Many of us know what it’s like to have a mouthful of angry words you’d like to let fly, but few of us bite back those words quite as harshly as Sophie Hegel, poor Arizonian turned (almost) sophisticated New York City lawyer.
Sophie’s words lodge so firmly in her throat that she has trouble swallowing and loses weight at a rapid rate, causing many of her friends to urge her to get help for anorexia. Eventually the dam excludes spoken words, and, horrifyingly, air to breathe; every social and professional encounter becomes a struggle for poise in the face of discomfort.
Perhaps her problem lies with her relationship with her father. A producer of pornographic movies, John left his wife and daughters in their dusty Arizona town to live in L.A. and date the actresses who star in his x-rated films.

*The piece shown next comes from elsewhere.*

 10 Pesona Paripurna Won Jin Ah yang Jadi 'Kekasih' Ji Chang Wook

Or maybe Sophie’s issues are to do with her fiancé, who works in a high-powered law office and makes quietly disparaging remarks about Sophie’s meager paycheck.

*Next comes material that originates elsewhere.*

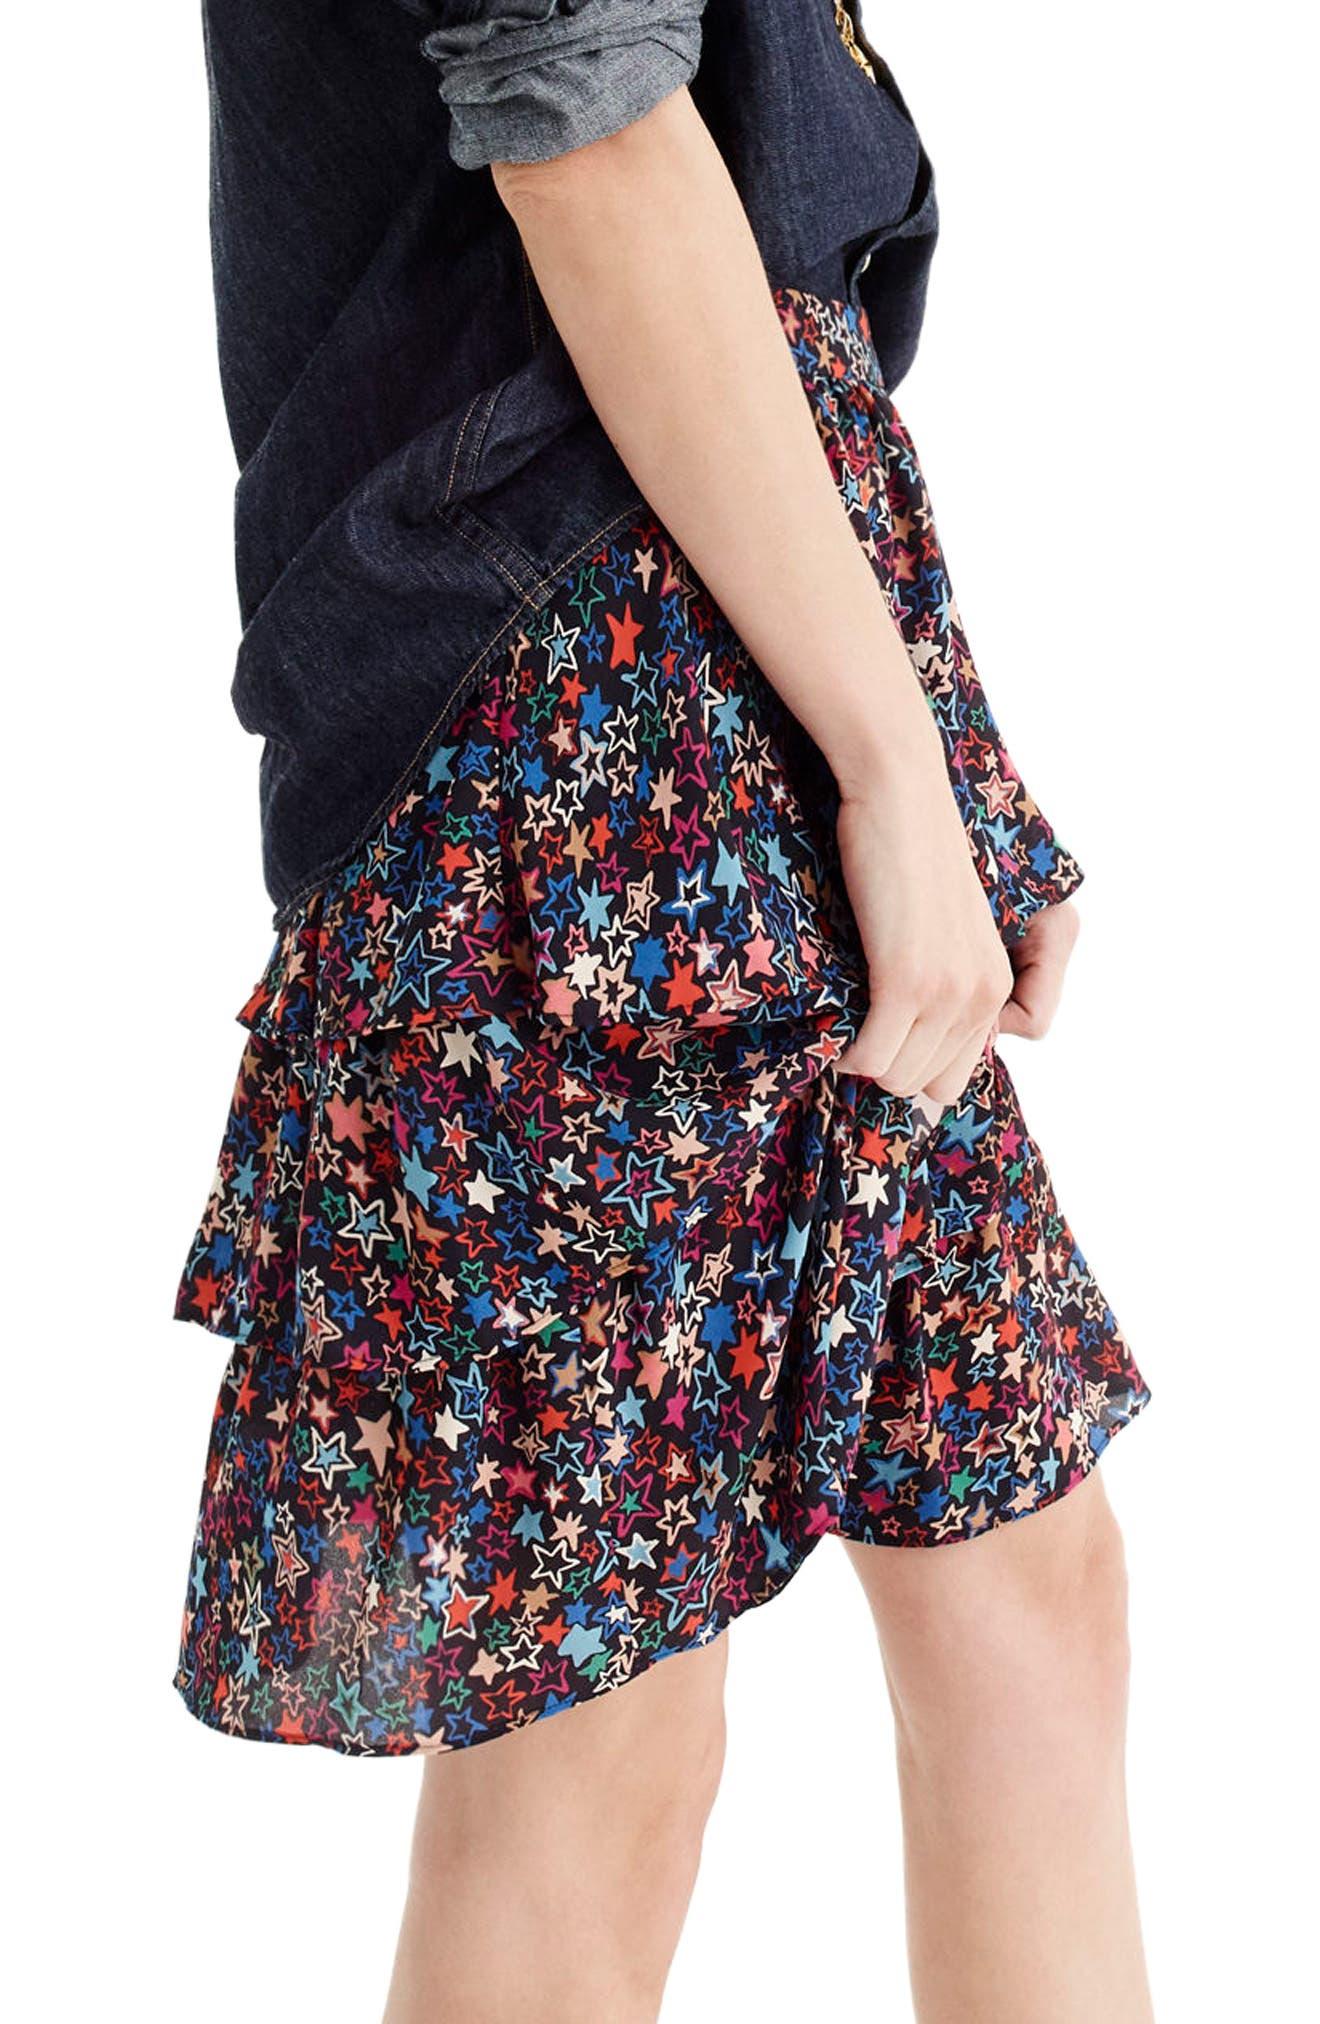 J.CREW,                             Star Print Tiered Skirt,                             Alternate thumbnail 3, color,                             409

Sophie does sense that her problems are with the men in her life, since she refers to the blockage in her throat as a “he.” In fact, she gives it a name: FB, short for Fist Ball. It ultimately takes a tragedy for Sophie to release some of her pent-up words of anger, to stand up for herself, to free herself from the opinions of others.
Tonya Plank, author of the popular blog Swan Lake Samba Girl, is an exuberant writer who injects so much gusto into her characters that occasionally they teeter on the edge of caricature without quite tipping over. For example, Sophie overreacts to a shopping question at her own engagement party: “‘I mean, Heaven forbid I don’t know who designed my shoes!’ I screamed. But when I saw her receding smile, her chin pointed down, shoulders hunched over, hair shielding nipples, I felt horrible.” Plank keeps them from crossing that line of ridiculous, and as a result Sophie and her friends are believable, complex, and highly entertaining.
Swallow is peppered with discussions on advanced theories of aesthetics that, surprisingly, never detract from the up-tempo story. Plank has a knack for combining philosophical opinions, hard-luck family stories, discount shopping triumphs, and gently slapstick humor into a book that makes readers laugh, think, and swallow hard in sympathy.